Fig. 11 shows all the temperature variations from the top surfaces of the slabs to the bottom parts of the piles, and some of the observations are described as follows. First, the temperatures generated by the solar radiations can be transferred through about 1.7 m height deck and abutment to the top part of the pile. However, the temperatures show negligible variations along the piles to the bottom section. Second, the temperature variations in the soils, e.g., curve No. 7, are more constant with the soil going deeper, even though they may be slightly influenced by the environments near the ground. For example, the temperatures in soils could be higher than those in the slabs and bents during the winter seasons, such as curve No.4. Fig. 12 shows the best curve fitting relationships between the measured bridge and air temperatures, where the former one is considered as the average results between the readings from the sensors at the bent’s top and slab’s bottom surfaces. It can be observed that the bridge and air temperatures are almost linearly correlated in the middle temperature range, while the polynomial curve shows better results in the lower and higher temperature ranges. This conclusion justifies one of the statements discussed above that it is able to predict the bridge’s uniformly varying temperatures using the air temperatures.
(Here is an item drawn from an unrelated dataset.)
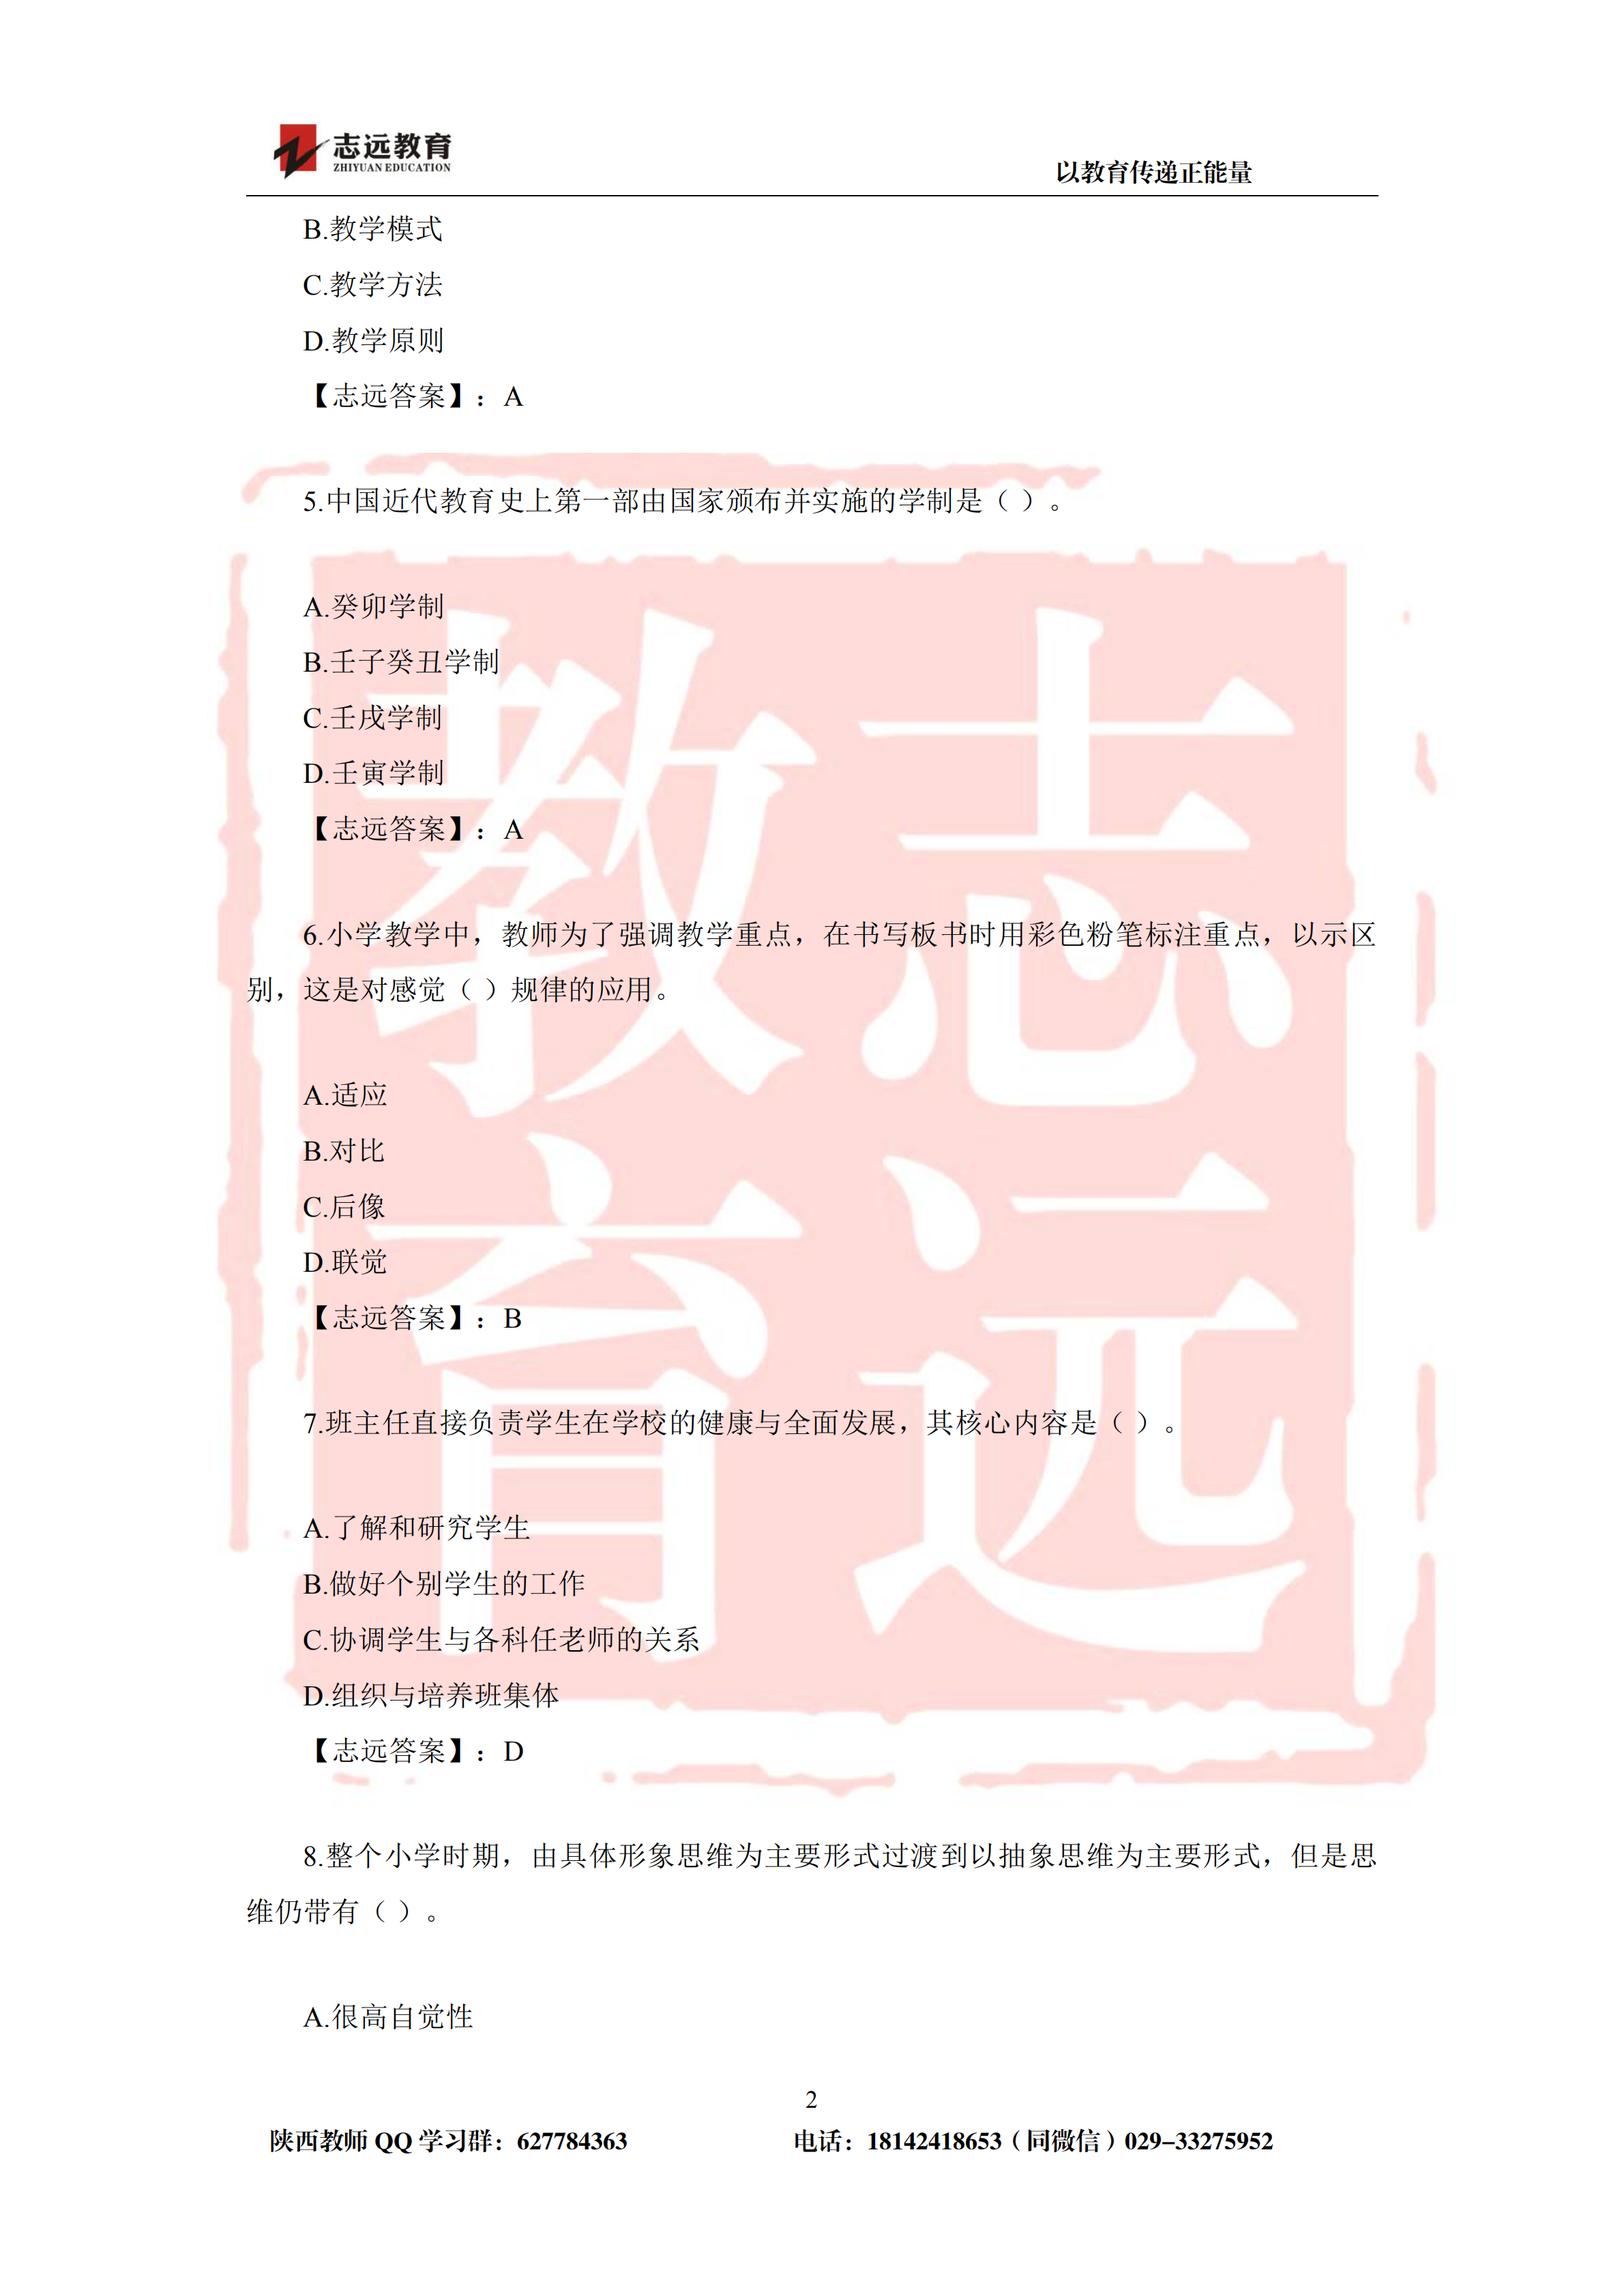 2019年陕西省特岗教师小学试题及答案-志远学员回忆版(图2)
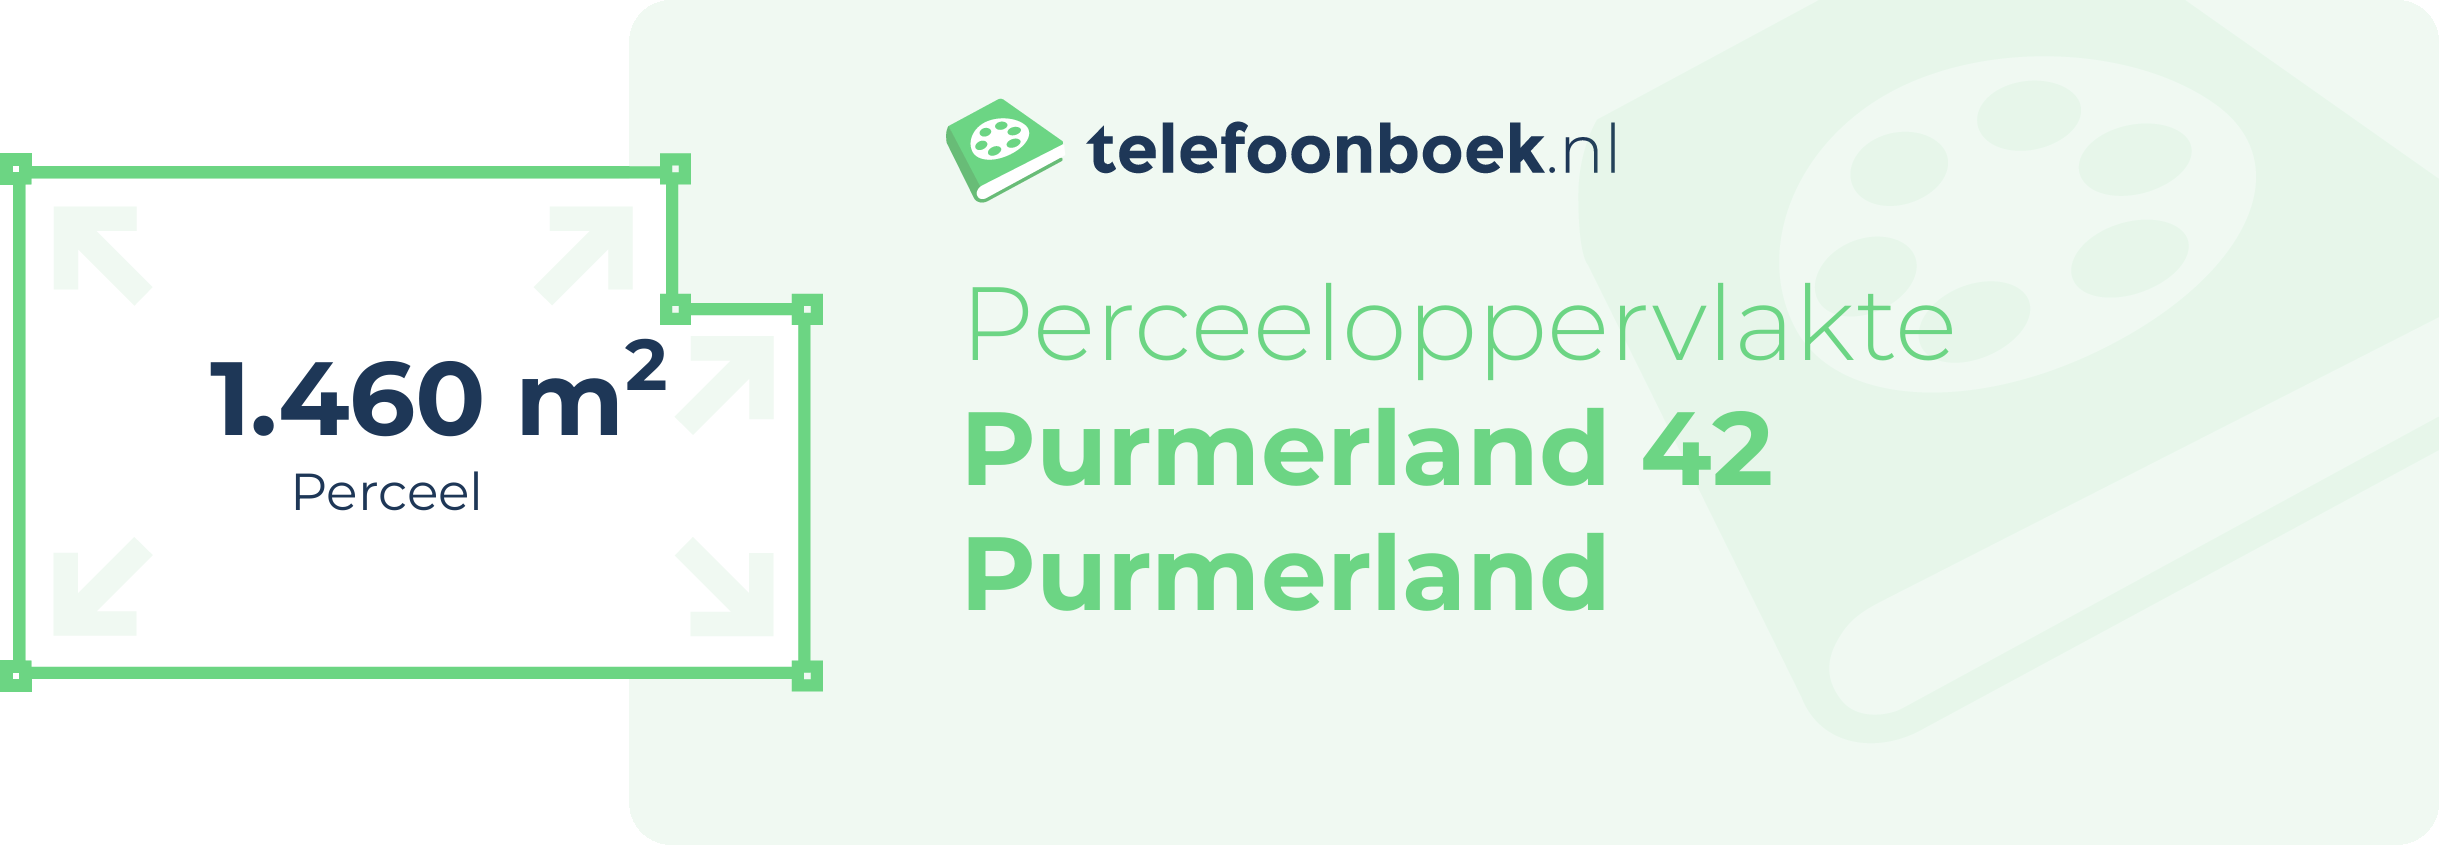 Perceeloppervlakte Purmerland 42 Purmerland

Fig. 9. Measured hourly-varying temperatures of bridge slabs.
For reinforced concrete structures, the strains in the steel rebar and surrounding concrete should be the same prior to the cracking of the concrete due to the strain compatibility. Generally speaking, the concrete is weak in tension, and the corresponding strength is about 10% of its compressive strength. When in compression, however, the concrete can sustain up to about 300 microstrains before failures for general concrete materials adopted in bridge engineering. Fig. 13 shows one representative readings of a strain gage at the Bent5 top rebar location. The highly-varying strain variations can be observed, and the long term seasonal trends show a negative correlation with the temperature changes. In addition, the calculated thermal stresses change during the temperature decrease of 35 °C (63 °F), if using the maximum measurement of 100 microstrain, would induce a stress change of 2.49 MPa (360 psi). This value is about 9% of the concrete compressive strength. In this sense, the top surface of the bent has a possibility of cracking due to the temperature variations alone since the slab–bent–pile connection joint is integrally constructed. Similarly, another reading of the representative gage embedded in the bottom parts of the Span5 slab is shown in Fig. 13. The induced compressive thermal stress variation, if using the 50 microstrains, is about 4% of the compression strength during the monitored periods.
Fig. 10. Bridge and air temperatures: (a) hottest week from 08/19/2011 to 08/26/ 2011, (b) coldest week from 12/29/2011 to 01/06/2012.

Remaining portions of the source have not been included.